Sacred or Synthetic? Evaluating LLM Reliability and Abstention for Religious Questions
Farah Atif, Nursultan Askarbekuly, Kareem Darwish, Monojit Choudhury

TL;DR
This paper introduces FiqhQA, a benchmark for evaluating LLMs on Islamic legal questions across different schools and languages, focusing on accuracy and abstention to ensure reliable religious guidance.
Contribution
It presents the first benchmark for Islamic jurisprudence questions assessing LLM accuracy and abstention, highlighting model variations and language limitations.
Findings
GPT-4o achieves highest accuracy
Fanar and Gemini excel in abstention behavior
Models perform worse in Arabic language
Abstract
Despite the increasing usage of Large Language Models (LLMs) in answering questions in a variety of domains, their reliability and accuracy remain unexamined for a plethora of domains including the religious domains.

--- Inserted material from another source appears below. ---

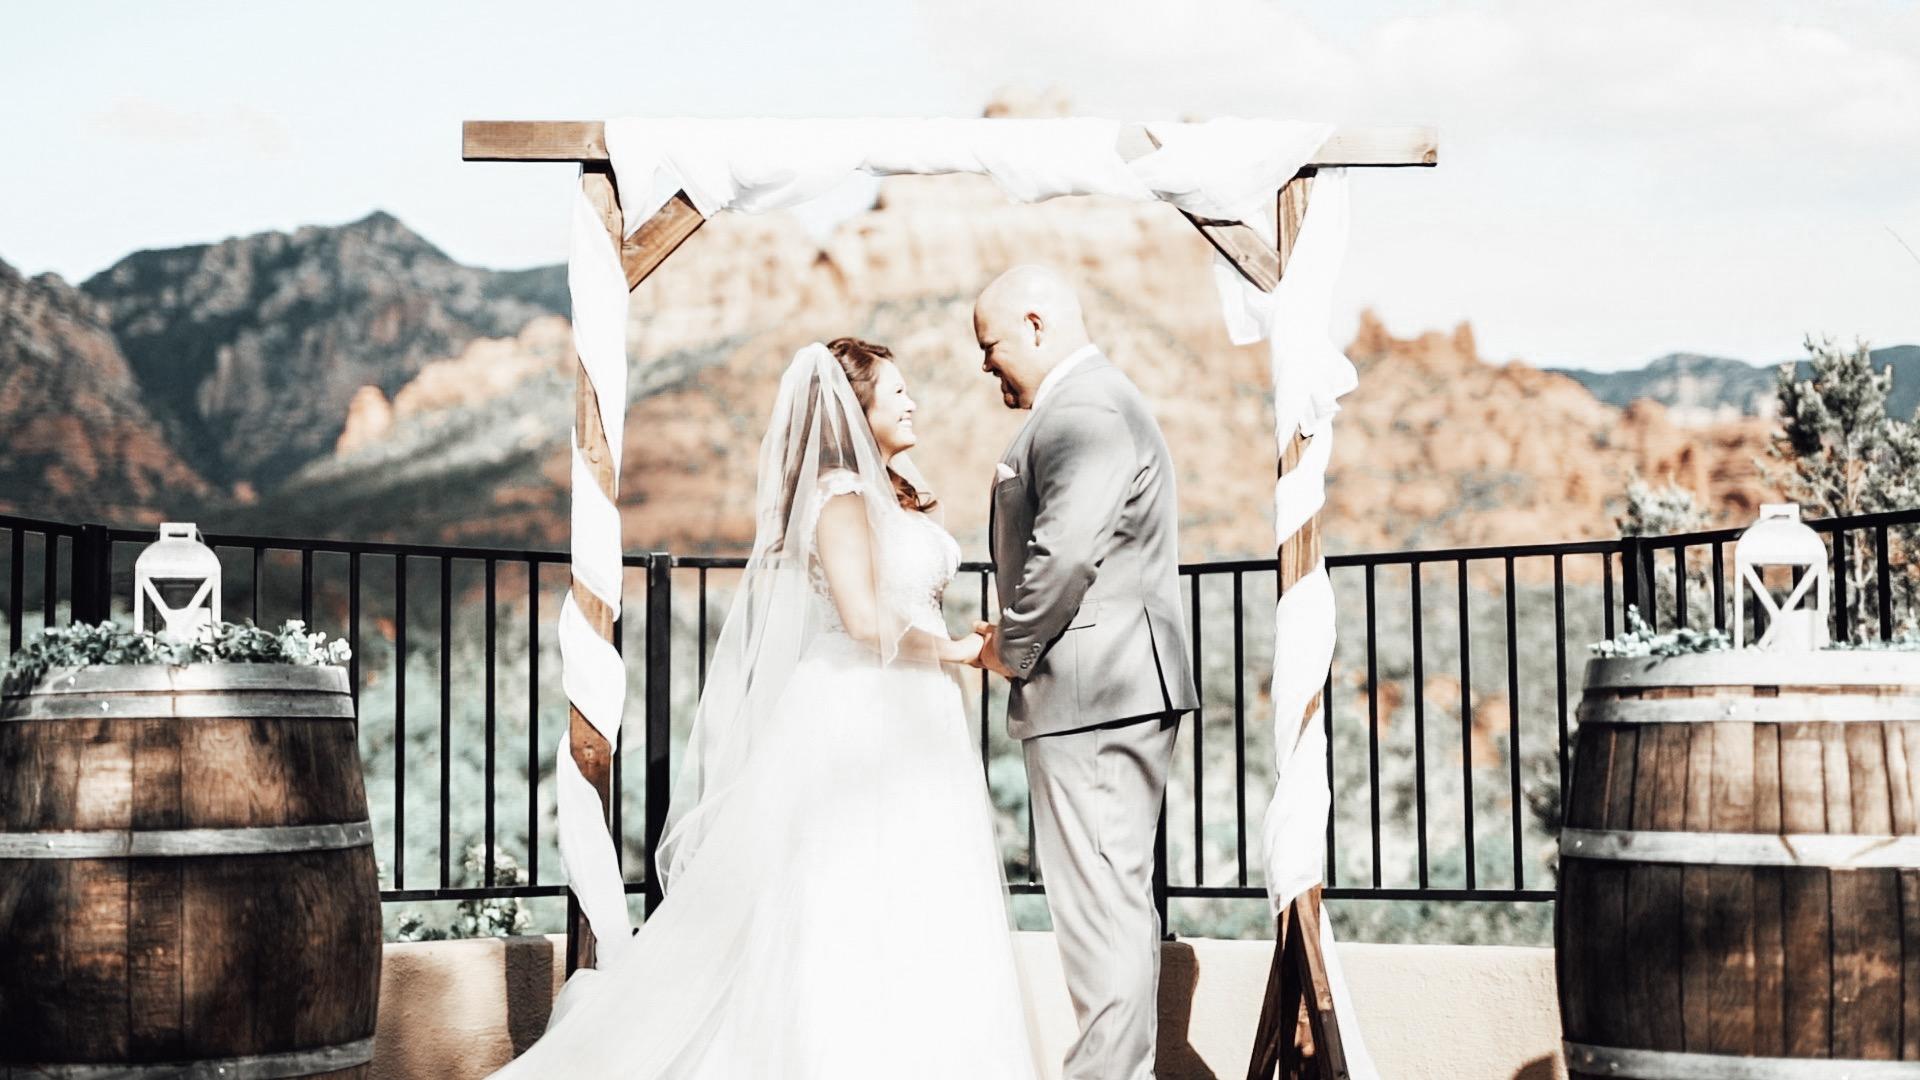 J.P. + JoAnna | Sedona, Arizona | Sedona Cedars Resort

In this paper, we introduce a novel benchmark FiqhQA focused on the LLM generated Islamic rulings explicitly categorized by the four major Sunni schools of thought, in both Arabic and English. Unlike prior work, which either overlooks the distinctions between religious school of thought or fails to evaluate abstention behavior, we assess LLMs not only on their accuracy but also on their ability to recognize when not to answer. Our zero-shot and abstention experiments reveal significant variation across LLMs, languages, and legal schools of thought. While GPT-4o outperforms all other models in accuracy, Gemini and Fanar demonstrate superior abstention behavior critical for…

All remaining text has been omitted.